In mounting his legal defense of the Israeli settlements, Kontorovich leaves out the many occupations that took place before the agreement was signed at the Fourth Geneva Convention in 1949, like the U.S. co-occupation of West Berlin, Kashmir and China in Tibet.

Expanding on the details of just a few of these occupations that result in settlements after 1949, Kontorovich starts with the story of East Timor.

Portugal owned the small island situated across the Timor Sea from Australia’s northwestern edges, before recognizing its right to self-determination in 1974. Although East Timor wanted independence, Indonesia entered into a year and a half of fighting with the tiny island and eventually annexed it. Portugal maintained that Indonesia’s occupation was illegal and there was strong international condemnation of Indonesia’s use of military force against the Timorese and the annexation, but no one criticized the settlement program that arose from that takeover or characterized Indonesia’s actions as a violation of the Geneva Convention.

Around the same time, in 1976, Morocco began settling hundreds of thousands of people in the Western Sahara. The United Nation’s peace plan for that region leaves those settlers in place and no international organization has said anything about Morocco’s settlement program there.

The ongoing Turkish occupation of Northern Cypress has also not been described as a violation of the Geneva Convention.

Kontorovich goes on, briefly describing Syria’s occupation of Lebanon, Vietnam’s occupation of Cambodia, Russia’s occupation of Crimea and parts of Georgia and others. None have been treated with the same condemnation and invocation of Article 49(6) as the Israeli-Palestinian situation.

“Attempting to interpret the scope and meaning of Article 49(6) from its application to a single situation is like trying to fix the position of a line knowing only a single point,” Kontorovich wrote in his most recent paper “Unsettled: A Global Study of Settlements in Occupied Territories.”

In the paper, he further examines every example of occupation since the Fourth Geneva Convention that involves civilians moving into occupied territory. In this instance also, he says Israel appears to be the exception rather than the rule. Conversely, standard discussion on Article 49(6) defines the issue far too broadly, Kontorovich says, particularly because no one has ever been prosecuted for violating it.

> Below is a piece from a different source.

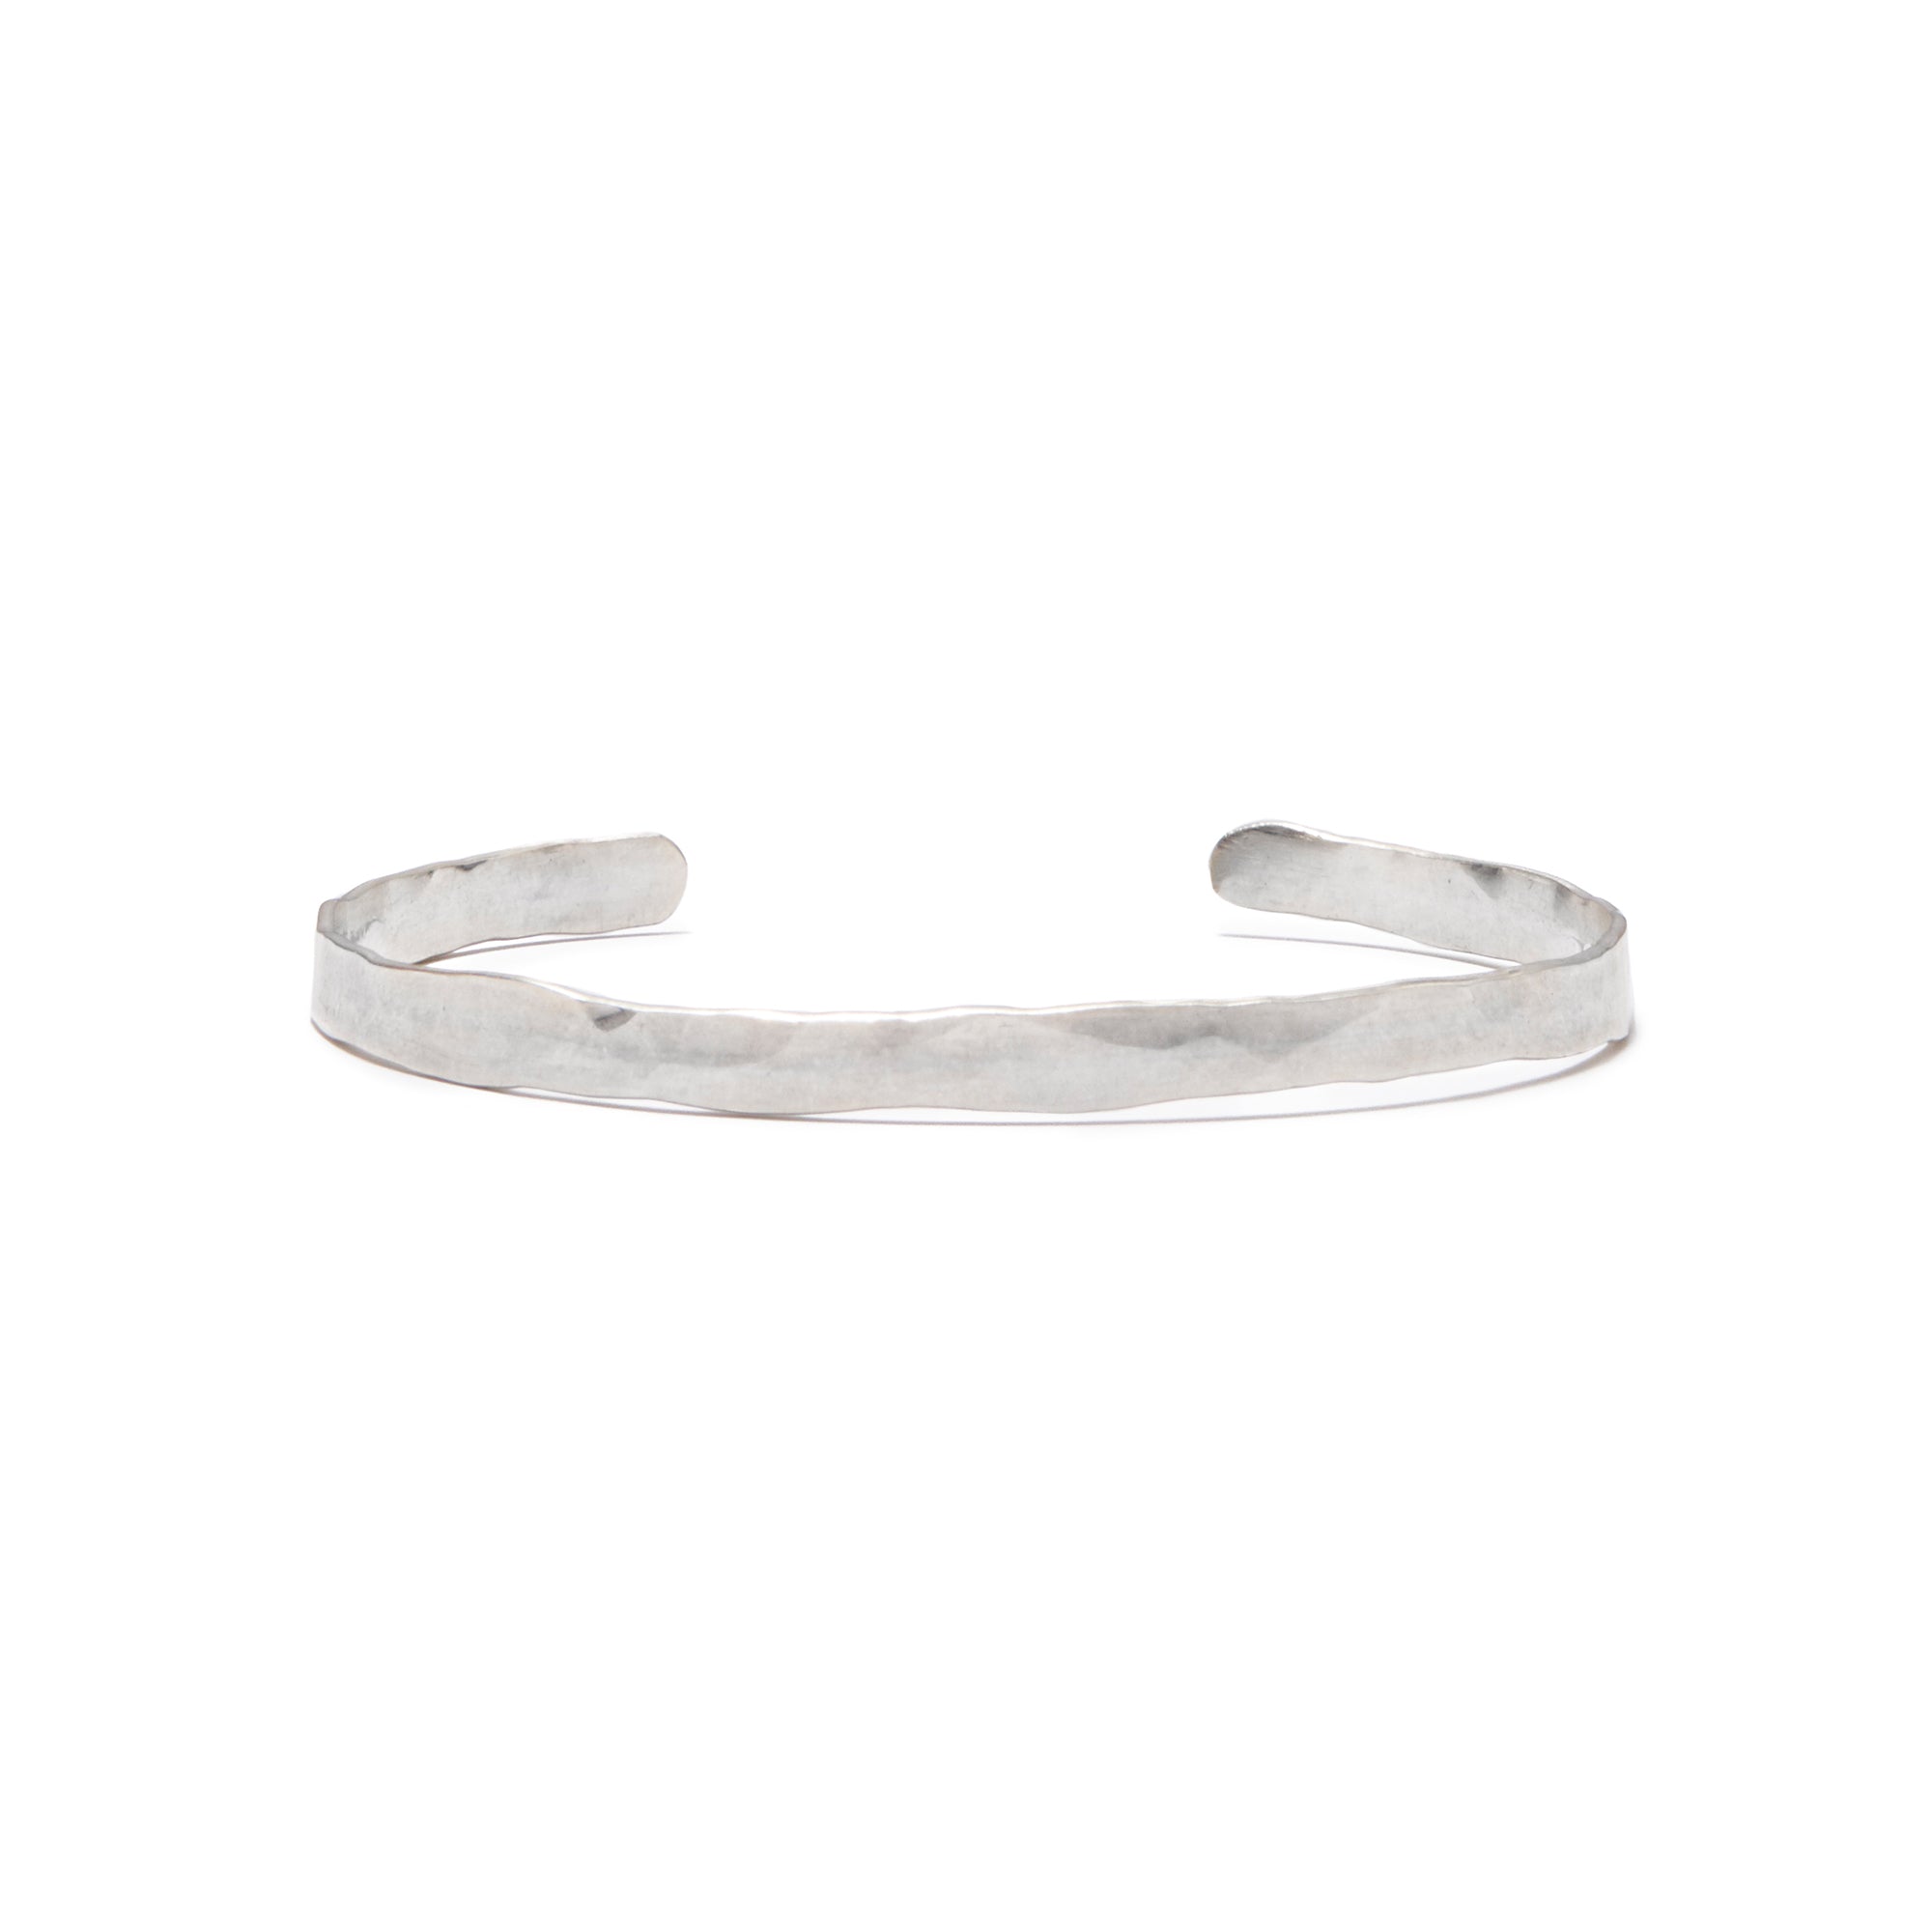 The Mazzo Cuff from the Sorda Collection is a simple forged bracelet with a heavy hammered texture. 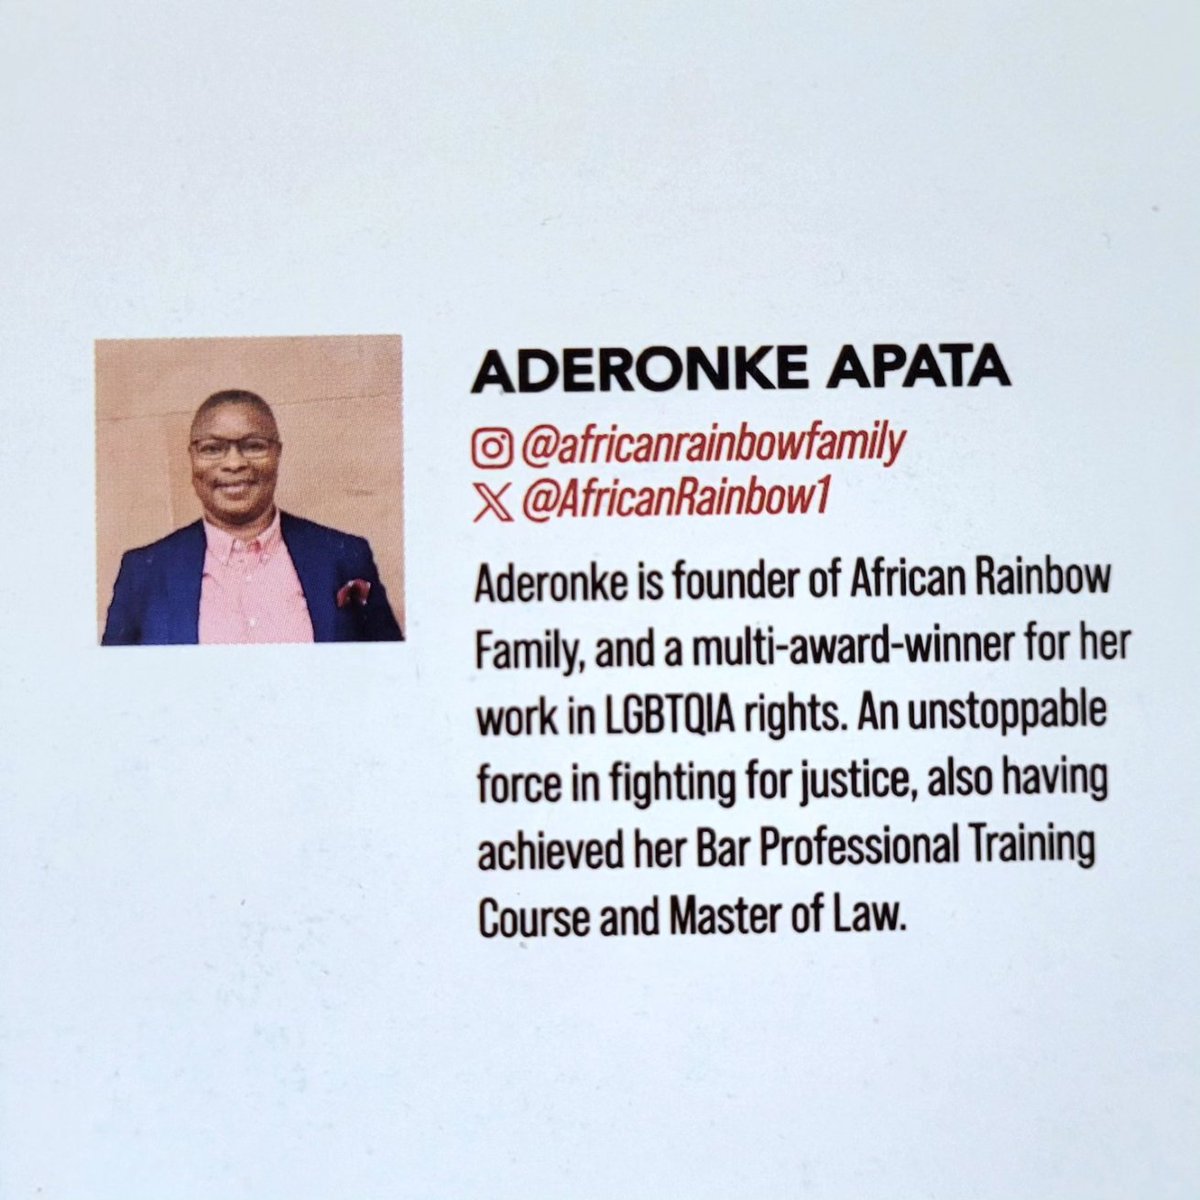 We are so pleased to see our Founder and CEO, Aderonke Apata, spotlighted in this incredible Black Lesbian Power List produced by UK Black Pride and DIVA for Lesbian Visibility Week ✊🏾🏳️‍🌈🏳️‍⚧️

The discussions, though heated, remain based solely on academic and political statements, again, entirely based on Israel. He notes that a strict interpretation of the text would suggest that the mere encouragement by a state of its civilians settling in occupied territory should in itself be a violation. But in all cases other than Israel, the UN follows a different interpretation.

“It is impossible to form an accurate understanding of Art. 49(6) of the Fourth Geneva Convention by simply studying Israeli settlements and the international reaction to them,” he says.

This one-sided view, for Kontorovich, therefore nullifies the entirety of Article 49(6) and requires that a new definition be applied for any legal opinion to be established. Until then, Kontorovich argues, Israel’s settlements should be considered as legal as anyone else’s.